P-values below 0.05 are shown in bold.

There were 110 women (88.7%) and 14 men (11.3%). 30 patients had an FFP type III and 94 a type IV. The median age of all patients was 77 years without difference between the non-operative and operative group (p = 0.427). 38 patients were treated nonoperatively (30.6%) and 86 operatively (69.4%). The type of operative treatment is presented in Table 4. Transsacral bar osteosynthesis was the most frequent stabilization technique, followed by plate and screw osteosynthesis of the ilium. Overall mortality was significantly lower in the operative group (p = 0.023). A Kaplan-Meier curve depicts the survival rates of the non-operative and operative group (Fig 6).

Fig 6. Kaplan-Meier curve of cumulative survival, depending on type of treatment—FFP type III and type IV patients.

Fig 6

The median LoS was significantly longer in the operatively treated group (p<0.001). The number of general in-hospital complications did not differ between the groups (p = 0.279). The mobility at discharge was not significantly different between the groups (p = 0.068). Nevertheless, more patients were independent at discharge in the non-operative group (p = 0.001).

68 of 85 surviving patients (80.0%) took part in the survey after a mean follow-up time 43 months. SF-8 PCS and SF-8 MCS were available for 47 patients (69.1%). The median SF-8 PCS (p = 0.429) and SF-8 MCS (p = 0.446) did not show a significant difference between the groups. PMS was available in all 68 patients (100%). There was no difference between the groups (p = 0.63). NRS was given in 65 patients (95.6%) without difference between the groups (p = 0.278). Further data are presented in Table 7.

Discussion

Fragility fractures of the pelvis (FFP) are an increasing clinical entity, for which no treatment guidelines exist. In this retrospective observational study, we primarily aimed at investigating differences in mortality depending on fracture classification and type of treatment. We further investigated LoS, in-hospital complications, mobility and destination at discharge and QoL at follow up as secondary endpoints. The most important finding was that operatively treated patients had lower mortality despite longer LoS and more in-hospital complications than patients, who were treated non-operatively. Patients with a non-operative treatment had a better mobility and were more independent at discharge, but their SF-8 PCS and MCS, PMS and NRS did not differ from the operative group at follow up.

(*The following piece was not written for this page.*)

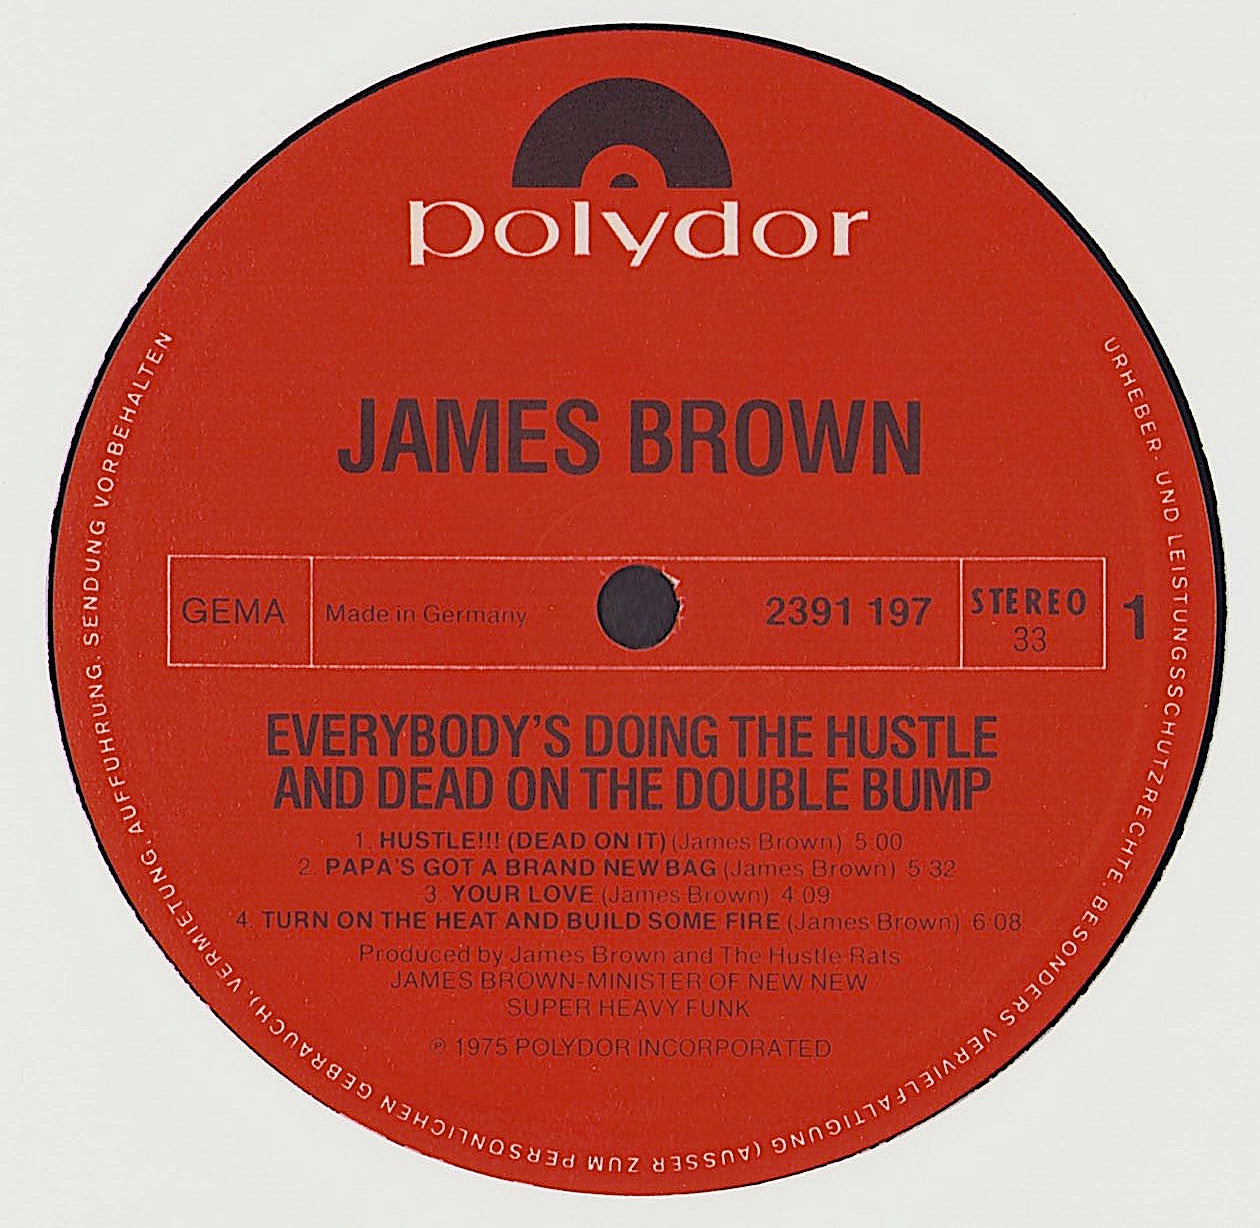 James Brown - Everybody's Doin' The Hustle & Dead On The Double Bump Vinyl LP

Recommendations for operative treatment were those descibed in our original publication of 2013 [7]. Age, dementia, type and number of comorbidities and osteoporosis did not influence our advice for surgical treatment. Nevertheless, not every patient followed our recommendations. The subjective estimation of their actual status and the opinion of the relatives may have influenced the decision of many patients. Anxiety for surgery, faith in the benefits of non-operative treatment and frailty may have driven them towards a non-operative treatment, despite an advise for surgical treatment. The time needed for a decision explains why surgery only was performed at a median of 6 days after admission. 21.8% of patients with FFP type II and 69.4% of patients with FFP type III and IV were treated operatively.

Patients with operative treatment left the hospital at a median of 12 days after surgery. 62.3% received a stabilization of the posterior and anterior pelvis. 12 days after surgery, patients still had postoperative pain and their surgical wounds were not completely healed. This explains why mobilization at discharge was impaired and patients more frequently needed support from third parties than non-operative patients. The operative procedure led to a decline of the general condition in the perioperative phase. At follow up, operatively treated patients showed good recovery, which resulted in a lower mortality than in non-operative patients.

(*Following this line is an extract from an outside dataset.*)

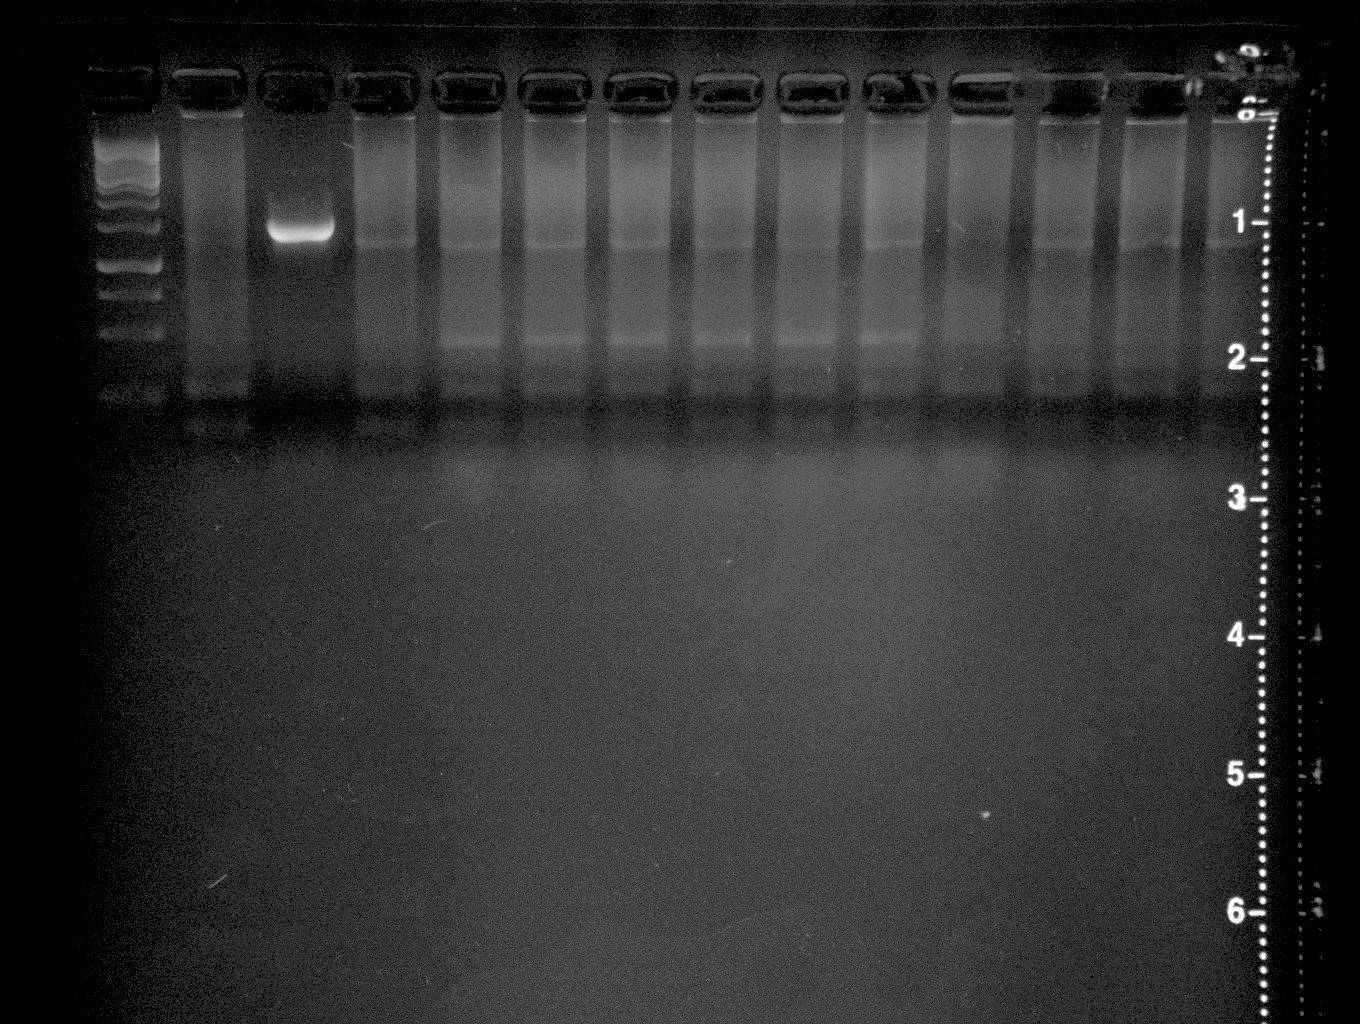 Direpeat amplification by colony PCR

The included patients had a median age of 81, the vast majority of them being female. This data is consistent with other recent publications [14, 1821]. Patients with FFP type III and IV were younger than patients with FFP type II. The younger, the more mobile the patients are. Consequently, higher stresses exist on the posterior pelvis, which ultimately leads to more unstable fracture types [22]. Instability is regarded as an indication for surgical stabilization, but there is no proof of superior outcome until now [23, 24].

In patients of old age, the decision to operate should be taken after careful consideration. Over 90% of our patients presented with at least one, half of them with two or more comorbidities. This data is consistent with numbers in literature. In a study of Nikkel et al., 95% of 32.440 patients of 55 years of age and older, who suffered hip fractures, had at least one comborbidity [25]. In our study, the operative group was 3 years younger, had less often dementia and more often osteoporosis than the non-operative group. This may suggest that there was a bias in the decision-making on whom to operate or not, which may have influenced outcome. As mentioned above, age did not play a role in our decision-making. Dementia and osteoporosis did not influence our treatment strategy, but may have influenced outcome: whereas osteoporosis makes adequate stabilization more difficult to achieve, dementia hinders active rehabilitation.

The rate of general in-hospital complications in our study population was 27.9%, most important urinary tract infection and bedsore of any stage. These complications prove that patients before and after the operation are bedridden. van Dijk et al. registered 20.2% in-hospital complications [18]. Banierink et al. calculated a rate of 23% within 30 days after injury [26]. Median LoS and in-hospital complications were significantly higher in patients with FFP type III and IV and in the operative group. non-operativeIn our study group, patients were operated at a median of 6 days after admission. Preoperative time prolonged total LoS. A quicker decision on the type of treatment is needed for reducing LoS. In-hospital mortality was very low. There were no in-hospital deaths in the operative group. This shows that patients were well prepared for surgery and perioperative care adequate.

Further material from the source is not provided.